Optimization and multithreading in the new book of B. Stroustup

Please refer to Section 41.2.2 "Reordering Instructions" from the "TCPL" 4th edition of B. Stroustrup, which I rewrite below:

To improve performance, compilers, optimizers, and hardware fix instructions. Consider:

// thread 1: int x; bool x_init; void init() { x = initialize(); // no use of x_init in initialize() x_init = true; // ... } 

For this piece of code, there is no given reason to assign x before assigning x_init.
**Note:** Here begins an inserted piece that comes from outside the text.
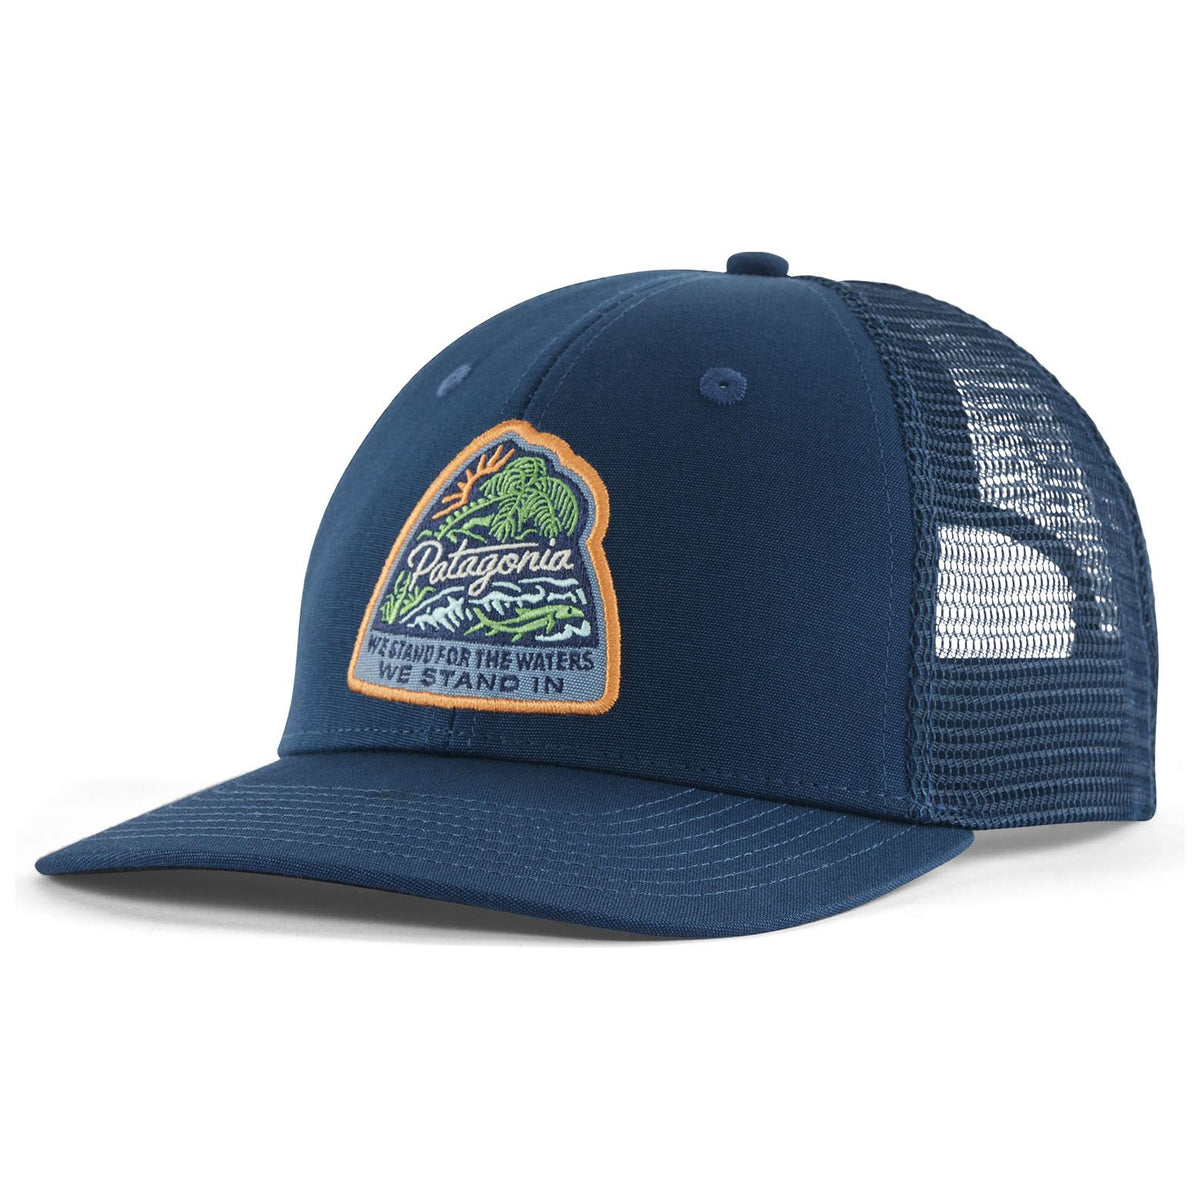 Patagonia Take A Stand Trucker Hat - Stream Fed Pumice

The optimizer (or the hardware scheduler instruction) may decide to speed up the program by doing x_init = first. We probably wanted x_init to indicate whether x was initialized with an initializer () or not. However, we did not say that, therefore, the hardware, the compiler and the optimizer do not know what.

Add another thread to the program:

 // thread 2: extern int x; extern bool x_init; void f2() { int y; while (!x_init) // if necessary, wait for initialization to complete this_thread::sleep_for(milliseconds{10}); y = x; // ... } 

Now we have a problem: thread 2 can never wait and thus assign uninitialized x to y. Even if thread 1 does not set x_init and x to "Wrong order, we can still have a problem. There are no x_init assigned to thread 2, so the optimizer may decide to un-evaluate! X_init from the loop, so thread 2 never sleeps or sleeps forever and ever.
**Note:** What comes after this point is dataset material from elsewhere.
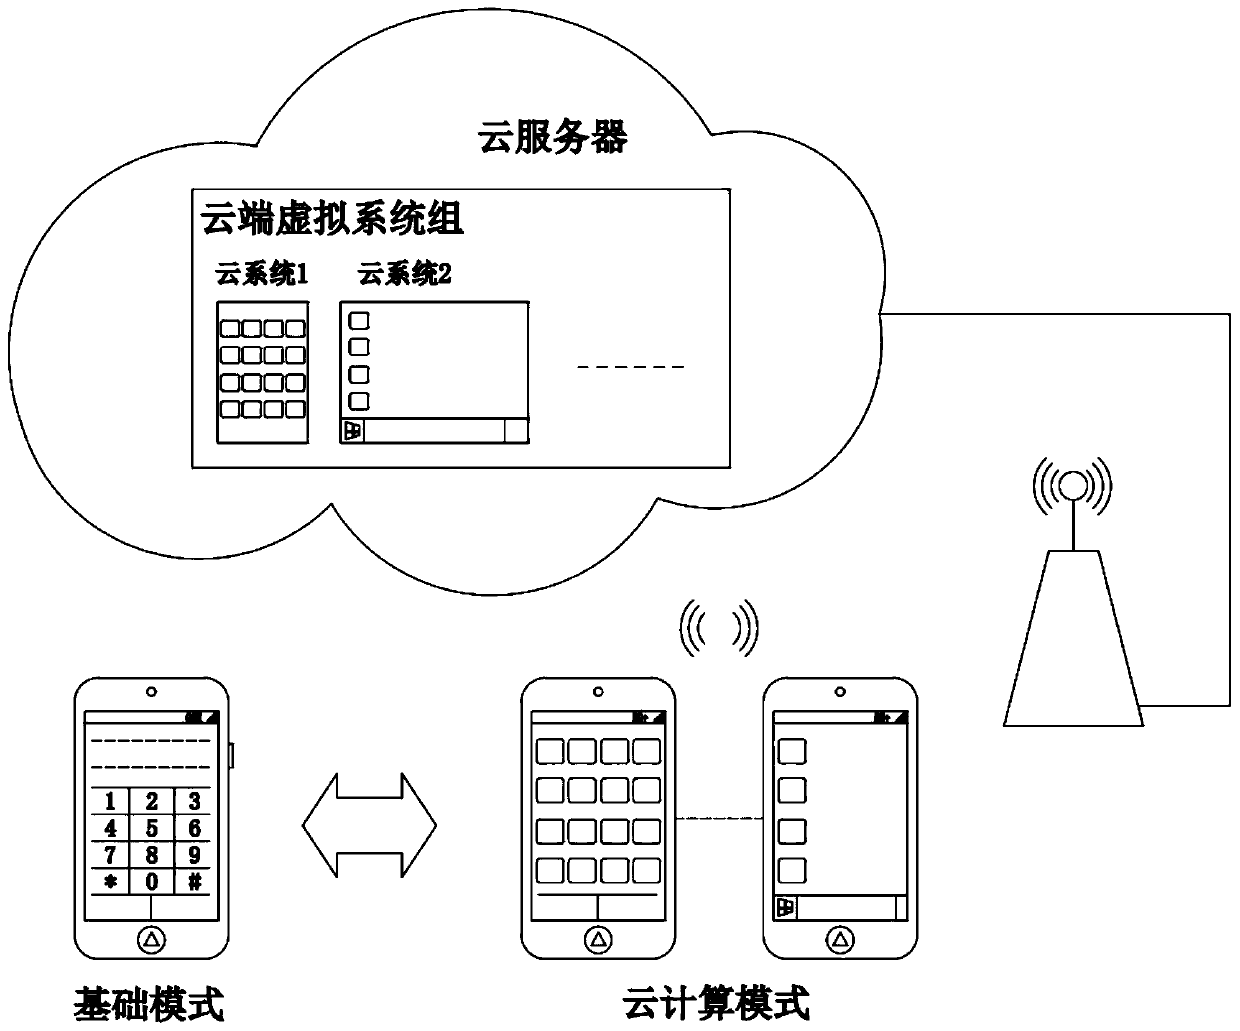 A method for controlling the operation of cloud computing terminals and cloud servers

  • Does the Standard allow reordering in stream 1? (some quotation from the Standard will be offered). Why does this speed up the program?
  • Both answers in this SO discussion show that such optimization does not occur when there are global variables in the code, like x_init above.
  • What does the author mean "raise the grade! X_init from the loop"? Is it something like this?

     if( !x_init ) while(true) this_thread::sleep_for(milliseconds{10}); y = x; 
+7
c ++ optimization multithreading c ++ 11
source share
2 answers

This is not so much a C ++ compiler / standard problem as modern processors. Take a look here . The compiler is not going to issue memory protection instructions between the x and x_init assignments unless you report it.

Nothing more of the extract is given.